Wer entwickelt Eßstörungen?

Während ein angemessenes Interesse am eigenen Aussehen normal ist, können Eßstörungen entstehen, wenn man von der Sorge um sein Aussehen besessen ist. Das wird in folgendem Interview deutlich.

ERWACHET!: Ann, warst du übergewichtig, als deine Probleme anfingen?

ANN: Nein, aber ich hatte einen Freund und wollte gut aussehen.

ERWACHET!: War deine Selbstachtung von deinem Aussehen abhängig?

ANN: Bestimmt. Wenn mich andere ansahen, überlegte ich immer, was sie wohl von mir dachten. Ich redete mir ständig ein, ich müsse die richtige Figur haben, um attraktiv zu sein.

ERWACHET!: Du warst also zufrieden mit dir, wenn du das Gefühl hattest, gut auszusehen?

ANN: Ganz sicher! Nahm ich zu, dann haßte ich mich. Wenn ich in den Spiegel schaute, dachte ich nicht an innere Werte.

Man weiß nicht, warum manche Eßstörungen entwickeln, während das bei anderen, die sich in einer ähnlichen Situation befinden, nicht der Fall ist. Kultur, Vererbung, Gesundheit oder biochemische Abnormalitäten und das familiäre Umfeld spielen offensichtlich eine Rolle. Doch gibt es gewisse Persönlichkeitsmerkmale, die wohl für die meisten Betroffenen kennzeichnend sind.

Perfektionismus

Als Gesamtheit gesehen neigen Eßgestörte zum Perfektionismus und stechen in der Schule oder am Arbeitsplatz durch hohe Leistungen hervor. Dr. Hilde Bruch, die über 130 Magersüchtige behandelt hat, beschreibt in ihrem Buch Der goldene Käfig die Gefühle, die für die Betroffenen typisch sind: „Du hast eine große Angst, nämlich gewöhnlich zu sein, Durchschnitt oder das Übliche — eben nicht gut genug. ... Du denkst, daß du nur dann etwas taugst, wenn du etwas ganz Besonderes tust, etwas so Großes und Hervorragendes, daß deine Eltern und andere Leute, an denen dir liegt, beeindruckt sind und dich bewundern werden.“

Lee, die an Magersucht litt, gesteht: „Ich versuchte, etwas Hervorragendes zu leisten; ich wollte bei allem, was ich tat, die Beste sein.“ Häufig äußert sich dieser Perfektionismus in dem übermächtigen Wunsch, anderen zu gefallen, d. h. das „beste Mädchen der Welt“ zu sein.

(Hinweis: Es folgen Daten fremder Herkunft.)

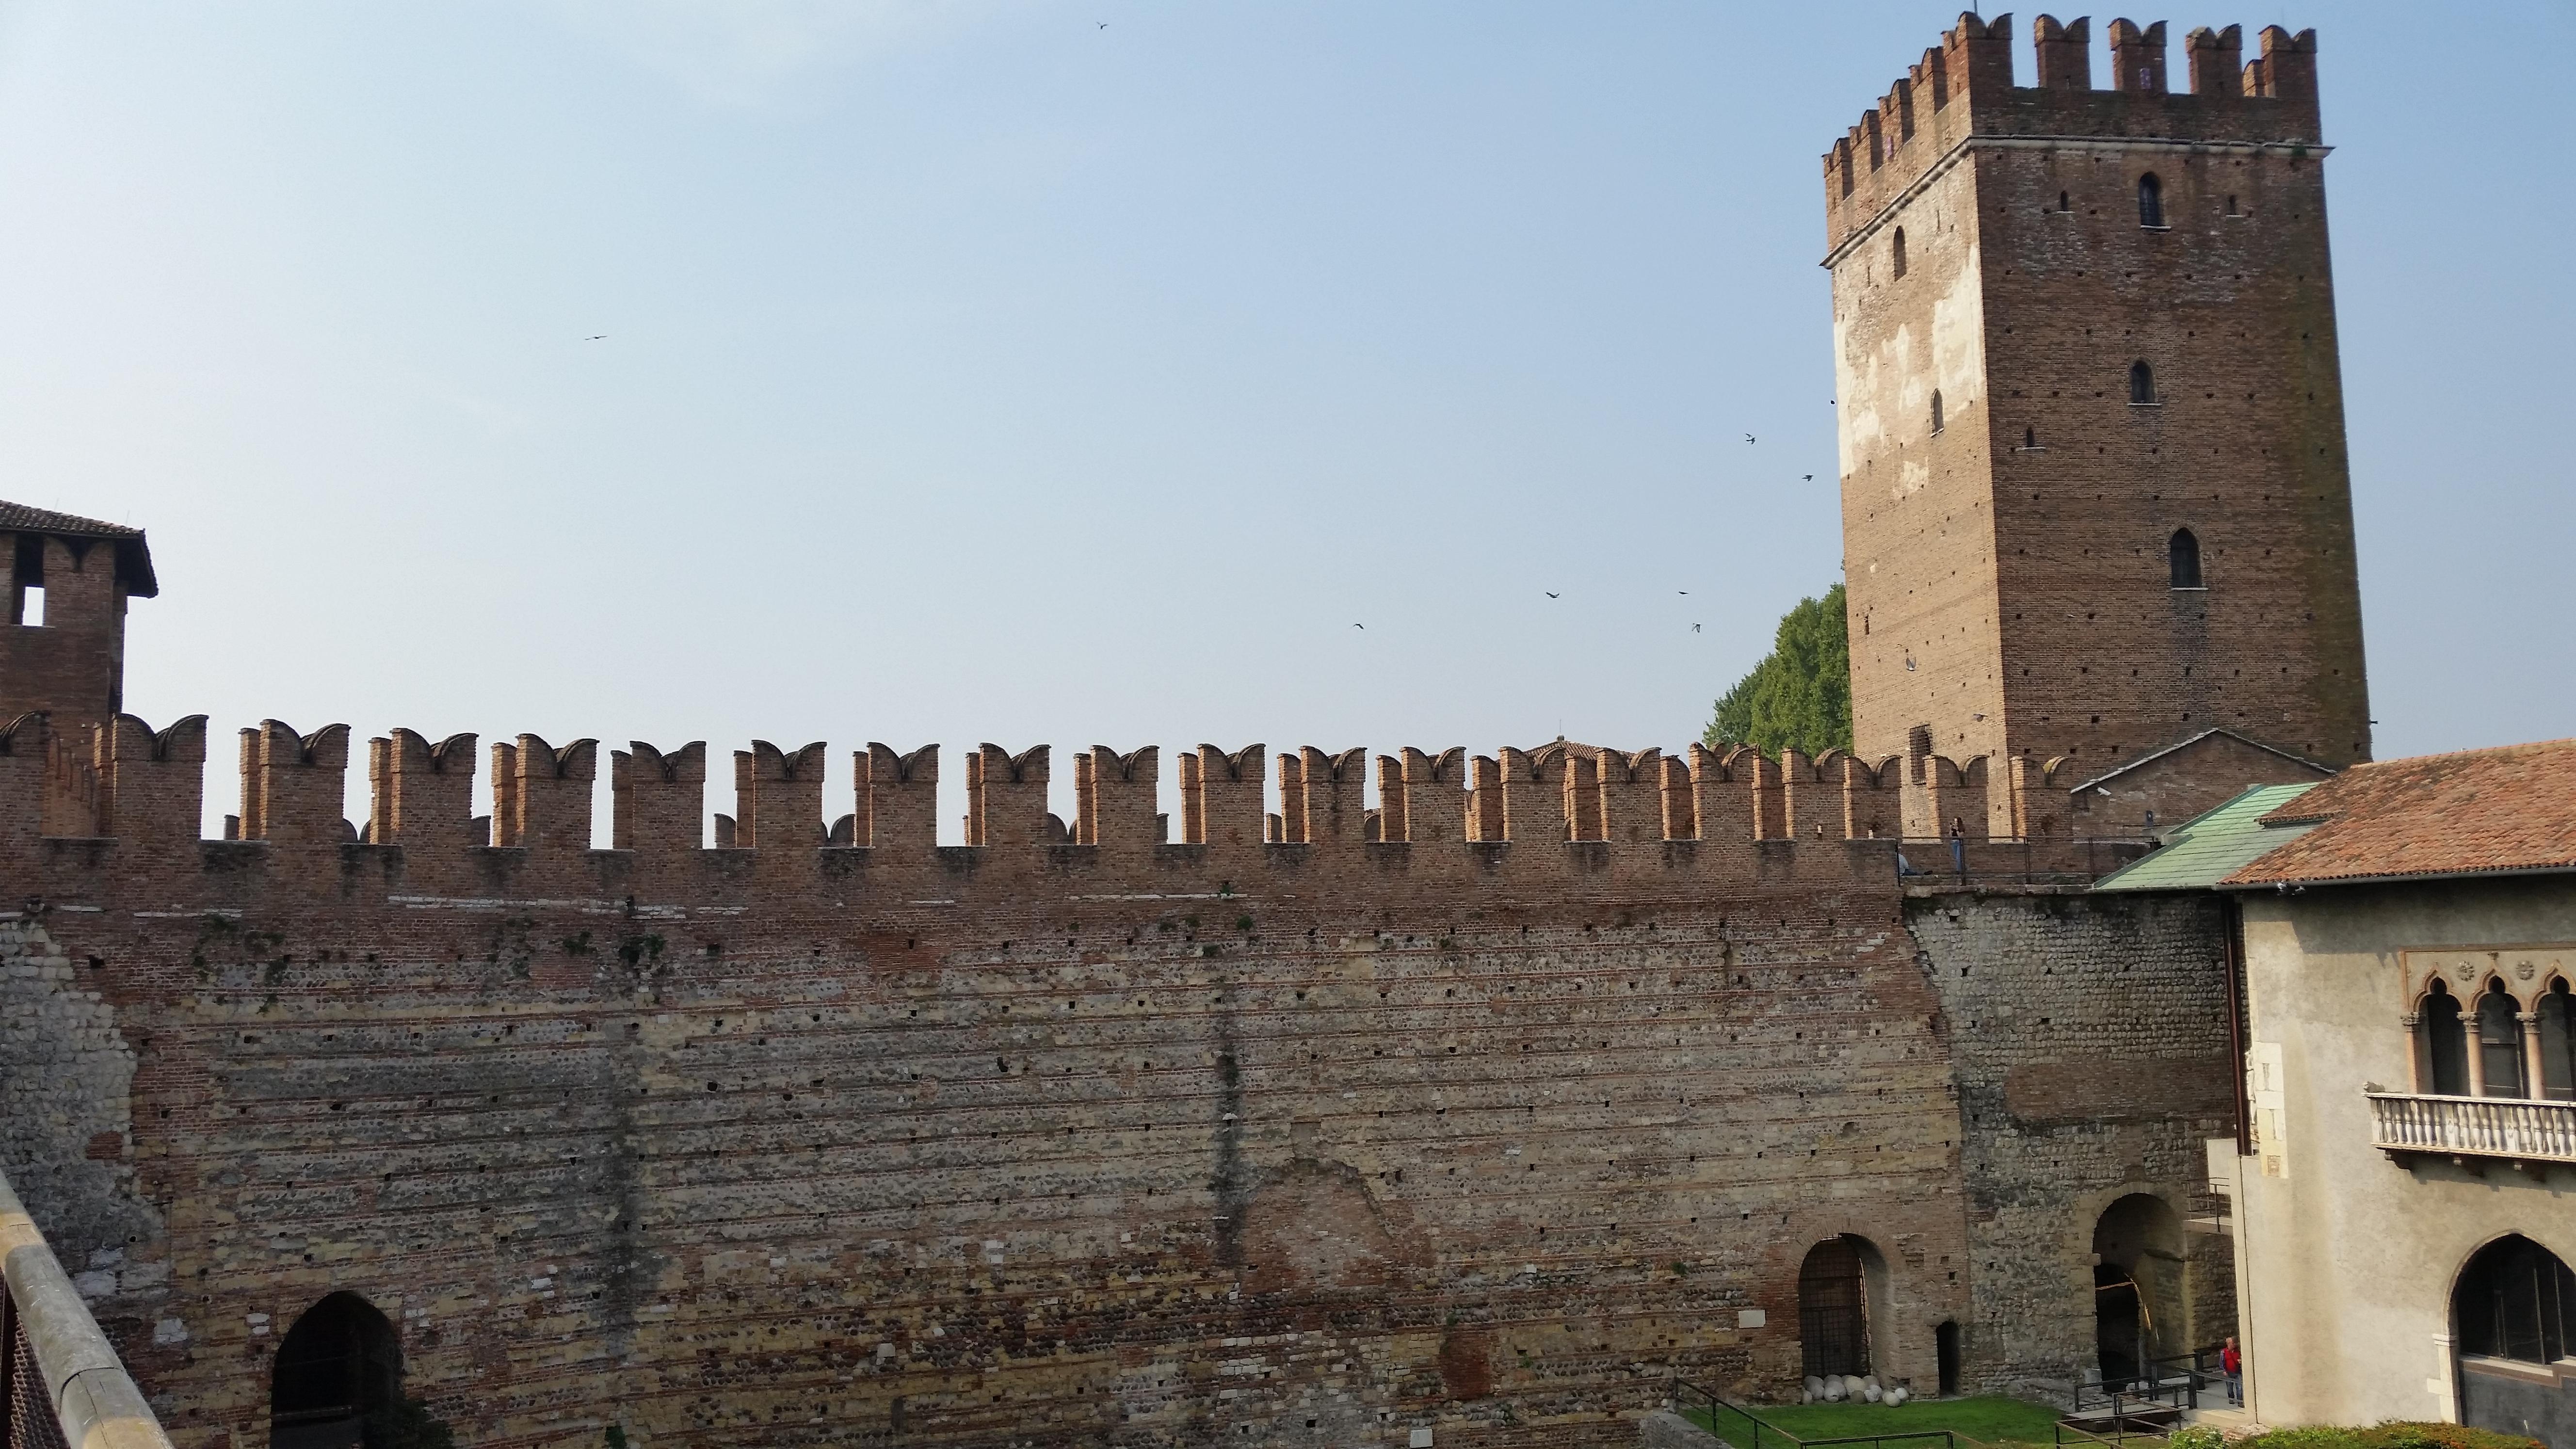 Museo Di Castelvecchio.File Museo Di Castelvecchio Verona 4 Jpg Wikimedia Commons

Frauen sind auch durch ihre Auffassung von ihrer Rolle in der Gesellschaft gefährdeter. Männer können zwar ebenfalls an Eßstörungen leiden, doch vorwiegend sind Mädchen und Frauen betroffen. In dem Buch Surviving an Eating Disorder wird erklärt: „Mädchen mit Eßstörungen sind oft dazu erzogen worden, an andere keine Ansprüche zu stellen. Ein liebes Mädchen ist still und unauffällig und zeigt seinen Kummer nicht.“ Eine solche Erziehung kann allerdings dazu führen, daß Frauen das Gefühl haben, ihr Leben nicht selbst bestimmen zu können.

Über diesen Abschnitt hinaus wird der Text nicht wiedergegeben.